### Collected material
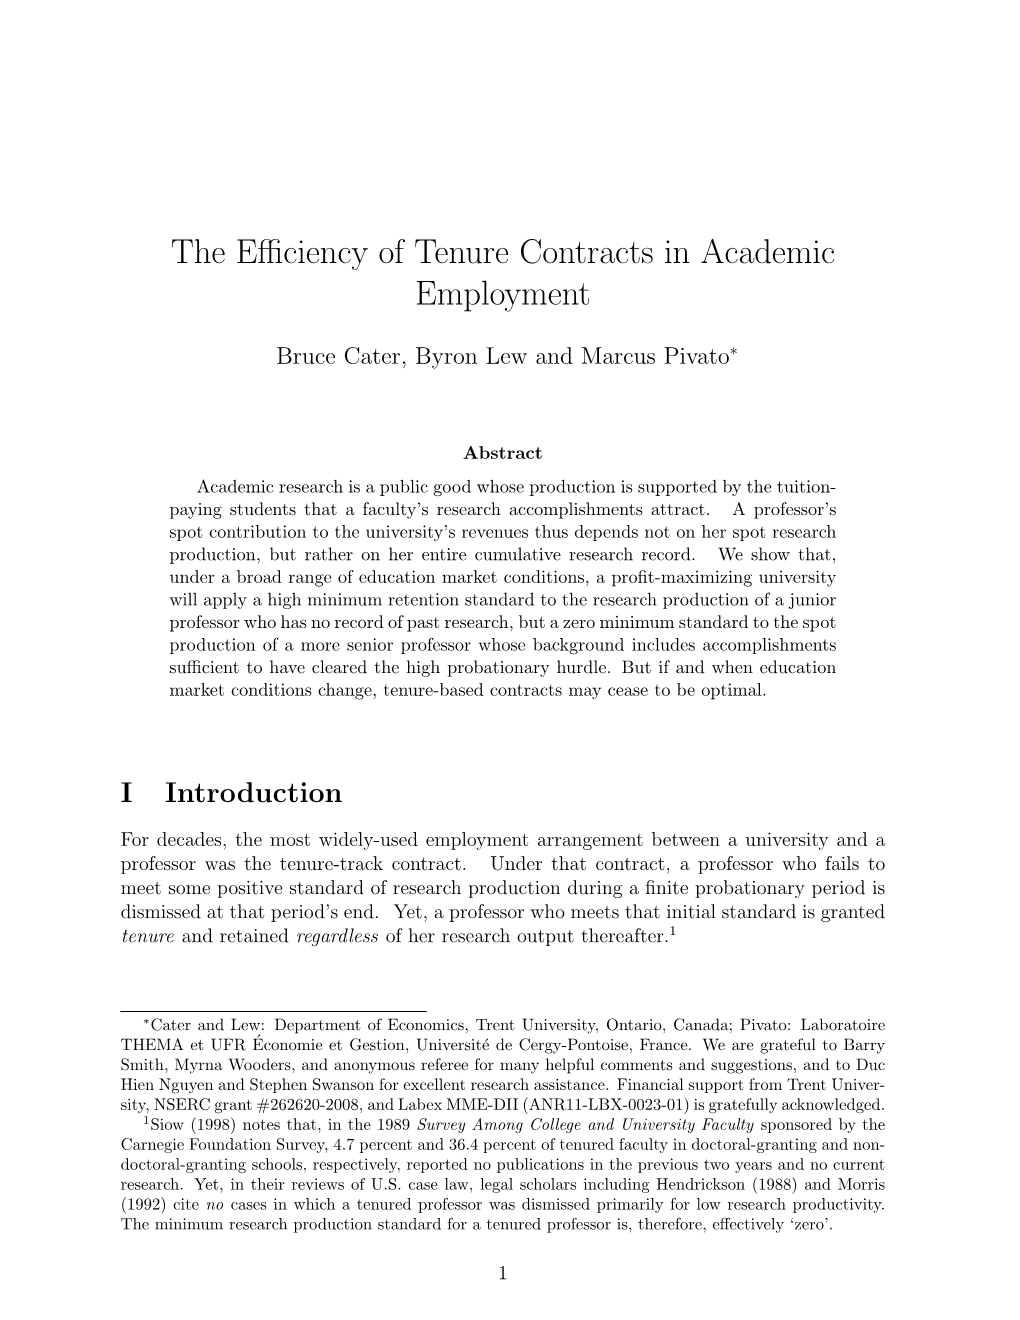 The Efficiency of Tenure Contracts in Academic Employment
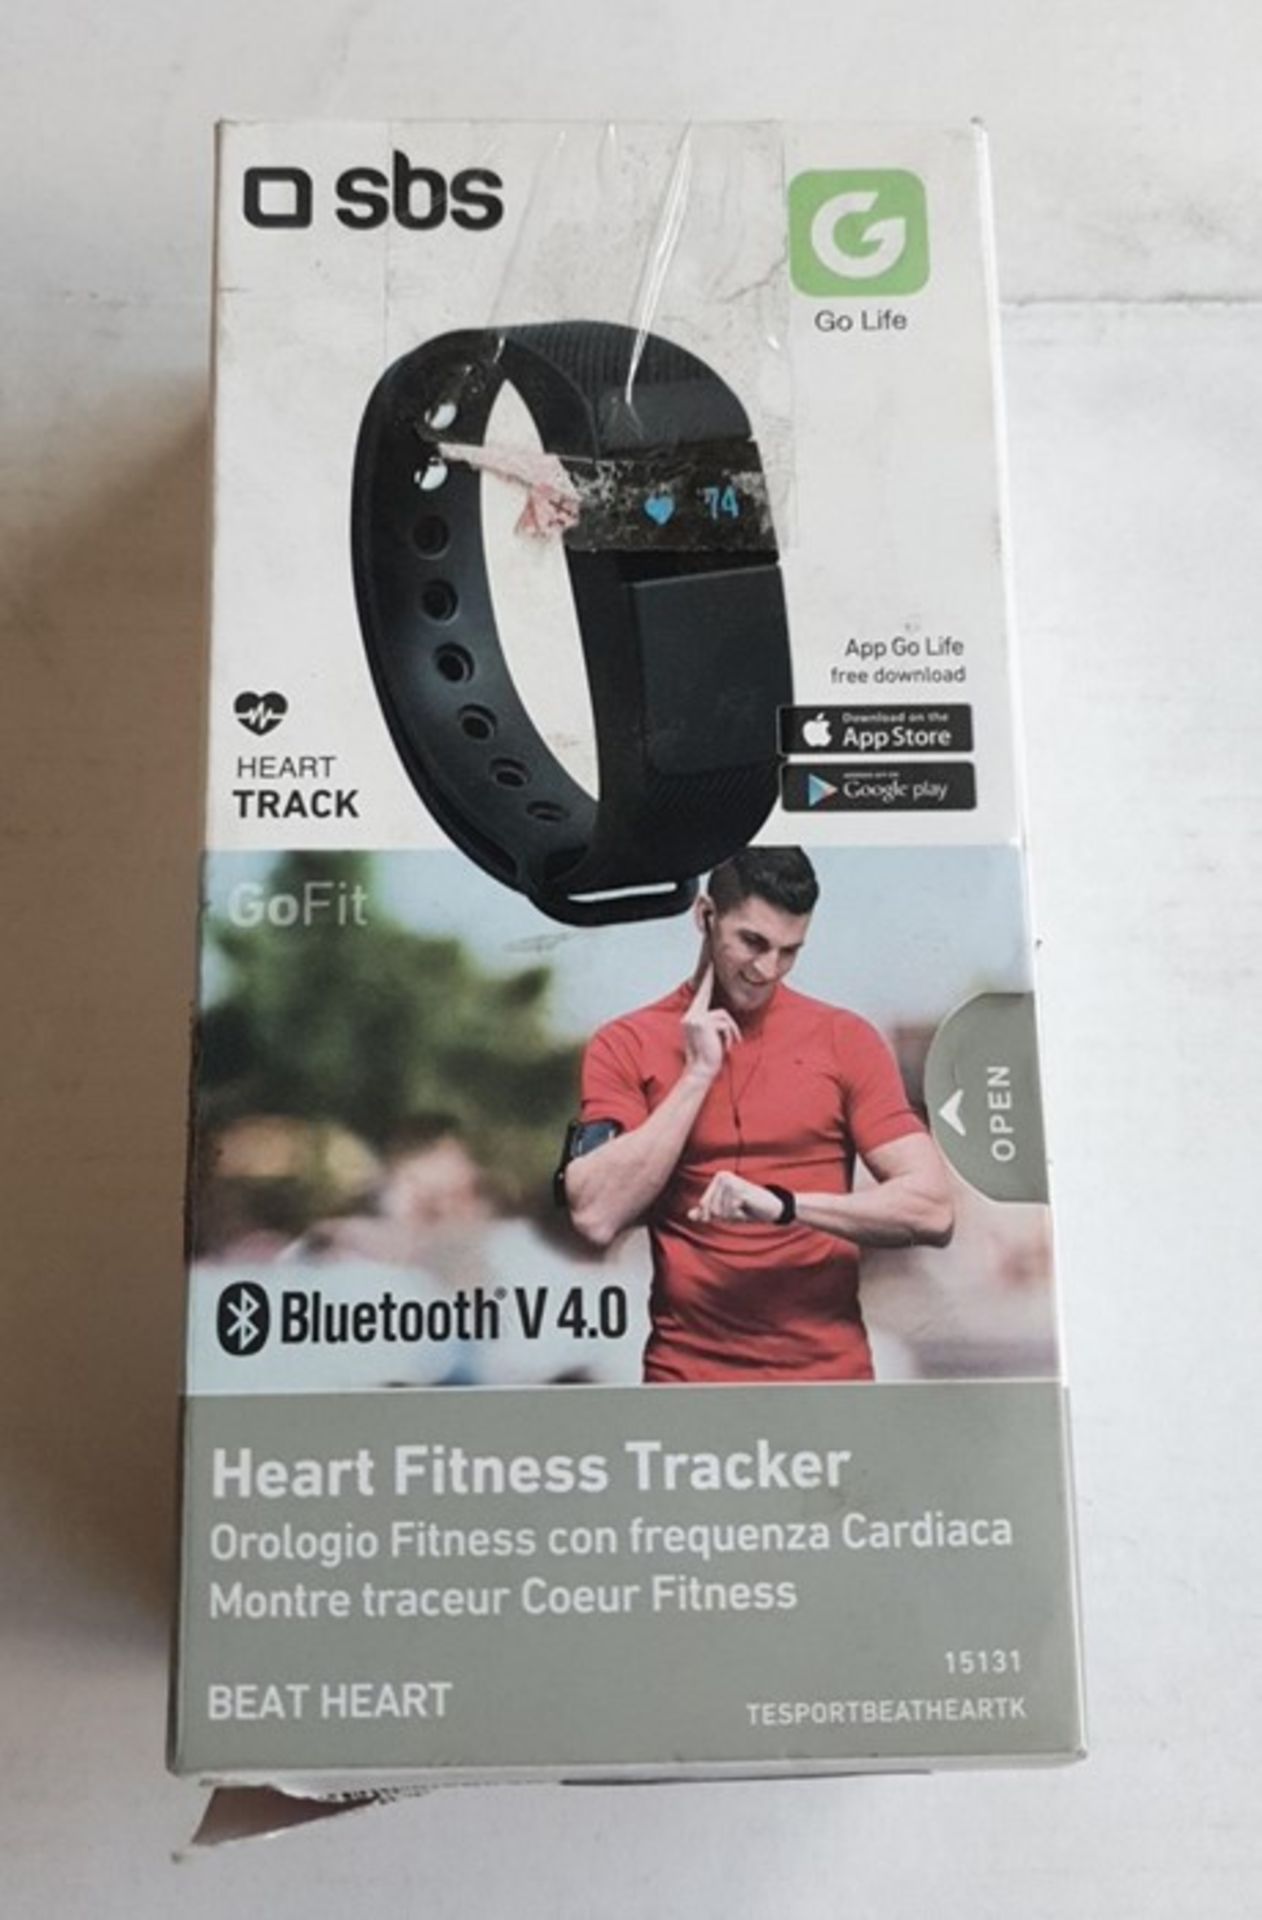 1 BOXED SBS GOFIT HEART TRACKER - BLACK / BL - 5343 / RRP £18.99 (VIEWING HIGHLY RECOMMENDED)
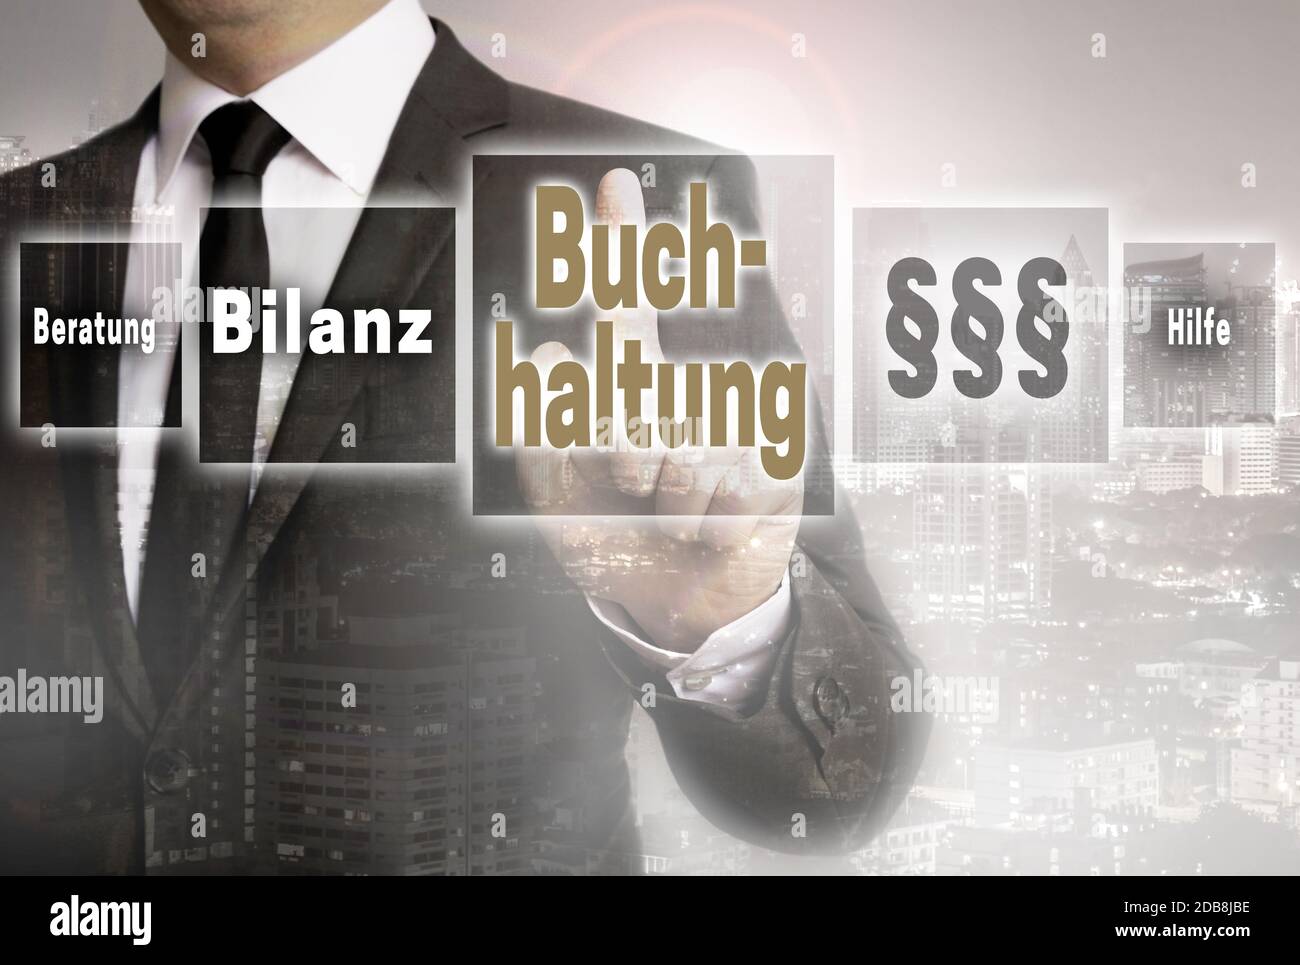 Buchhaltung (in german Accounting, Help, avice, end result) businessman with city background concept. Stock Photo
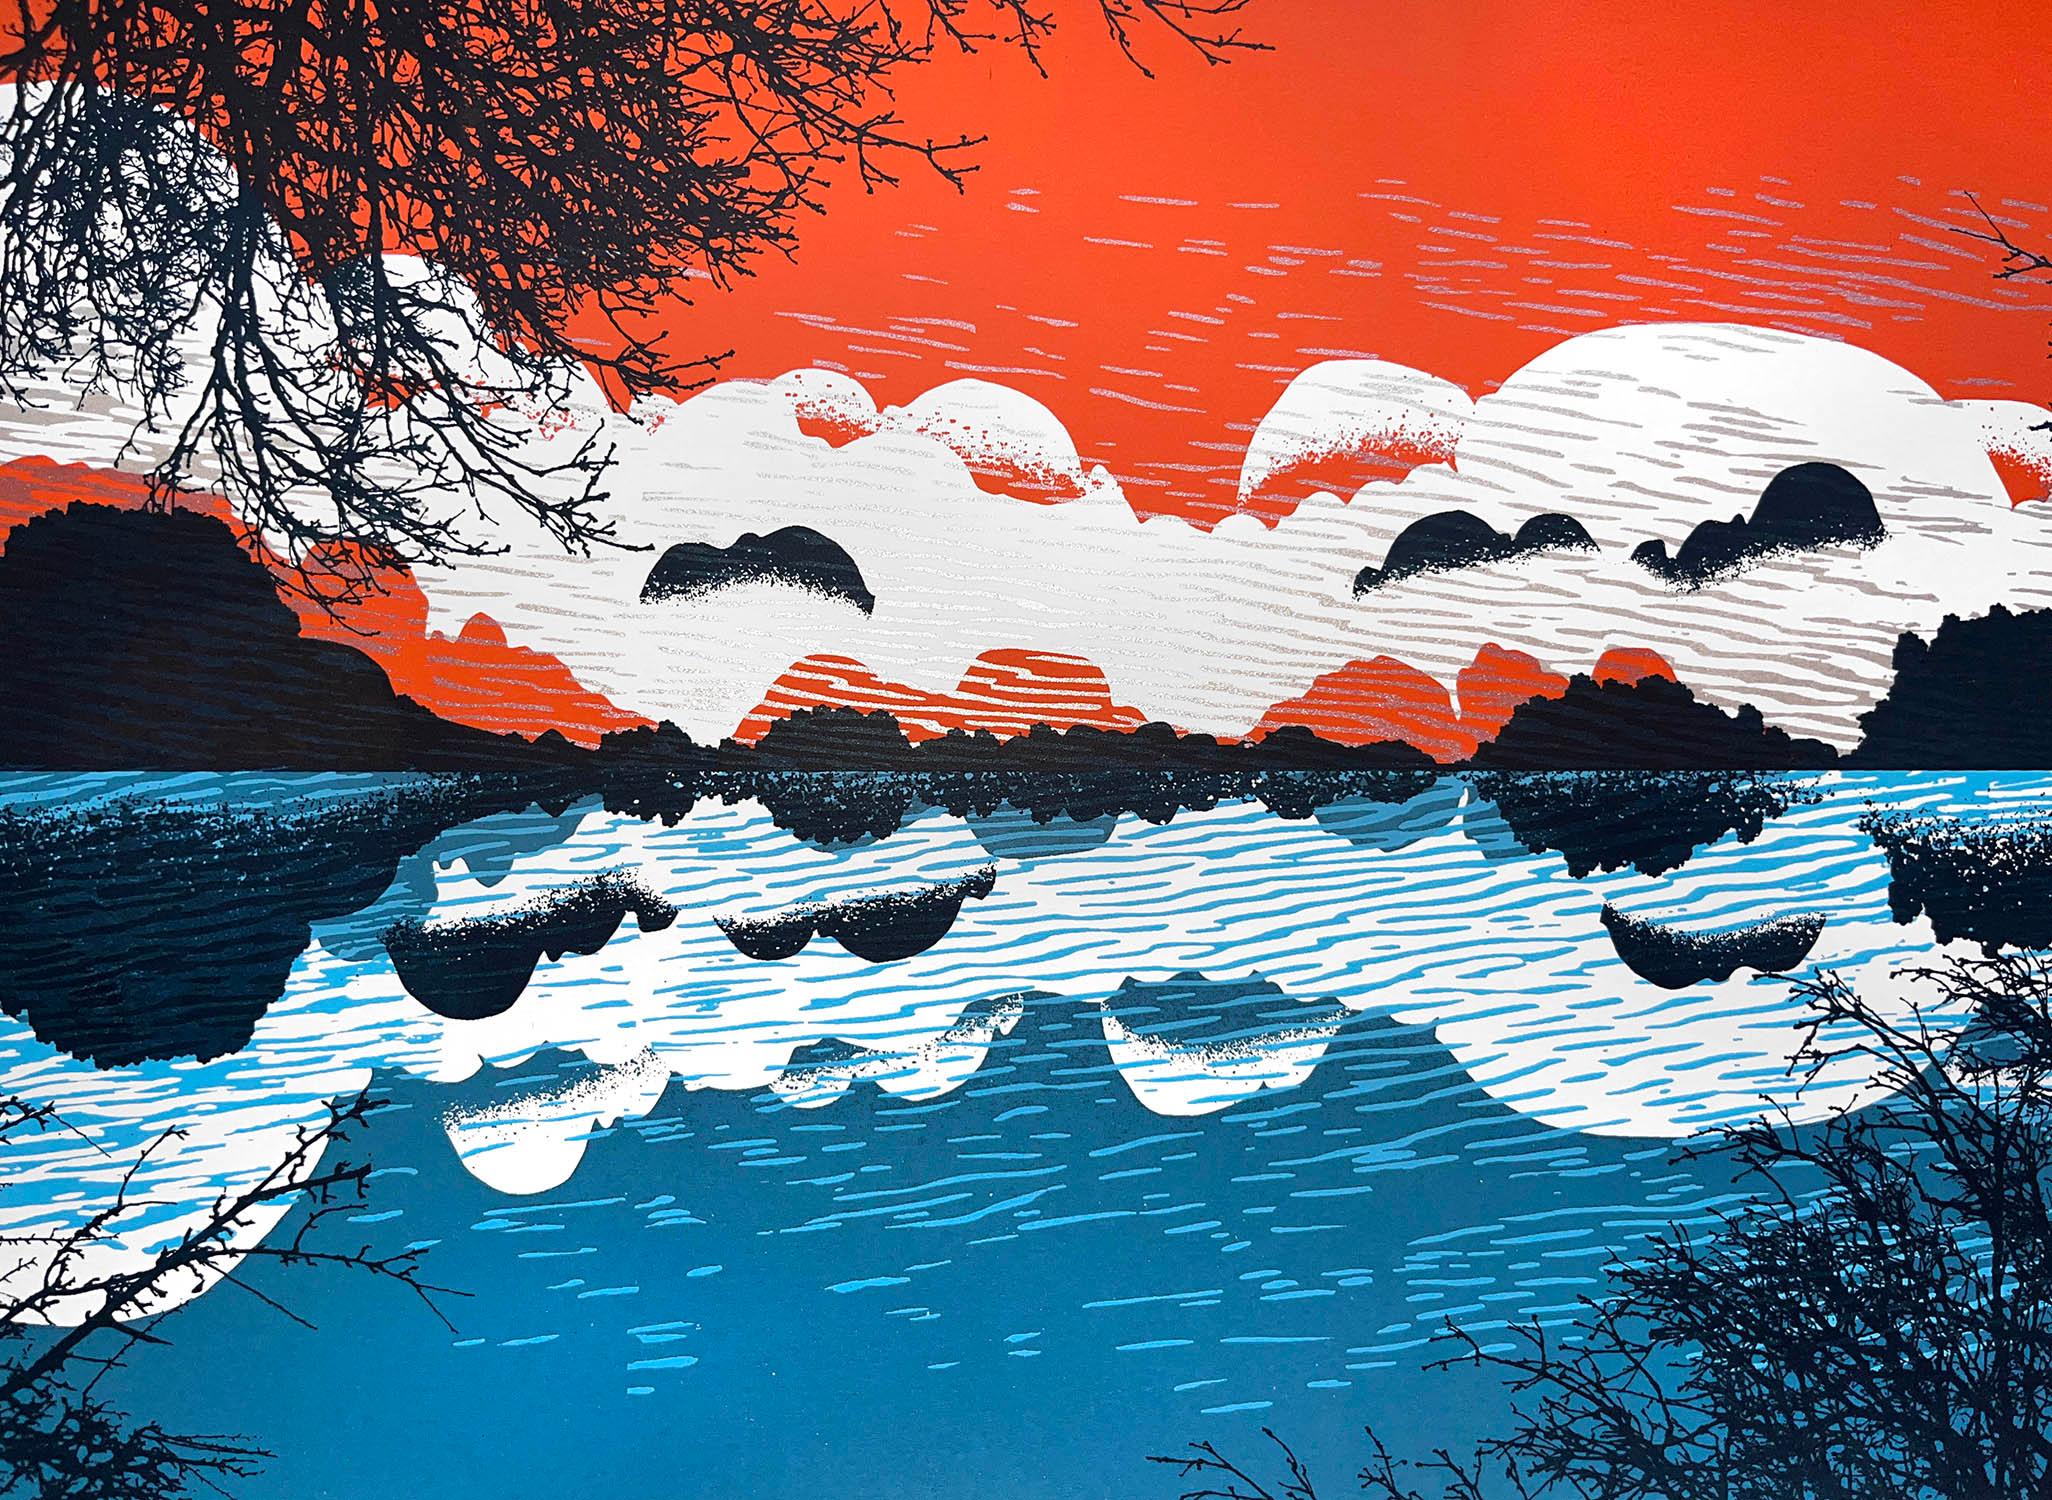 This five colour screen print illustrates a multi-layered seascape with interweaving water ripples dynamically interacting with a surreal imaginary landscape. Subtle mark-making edges hillsides into cloud patterns creating endless virtual

### Work task
When copying the listing, print each line exactly but leave out every picture.

### Answer to the problem
 The Efficiency of Tenure Contracts in Academic Employment
 1 BOXED SBS GOFIT HEART TRACKER - BLACK / BL - 5343 / RRP £18.99 (VIEWING HIGHLY RECOMMENDED)
 Buchhaltung (in german Accounting, Help, avice, end result) businessman with city background concept. Stock Photo
 This five colour screen print illustrates a multi-layered seascape with interweaving water ripples dynamically interacting with a surreal imaginary landscape. Subtle mark-making edges hillsides into cloud patterns creating endless virtual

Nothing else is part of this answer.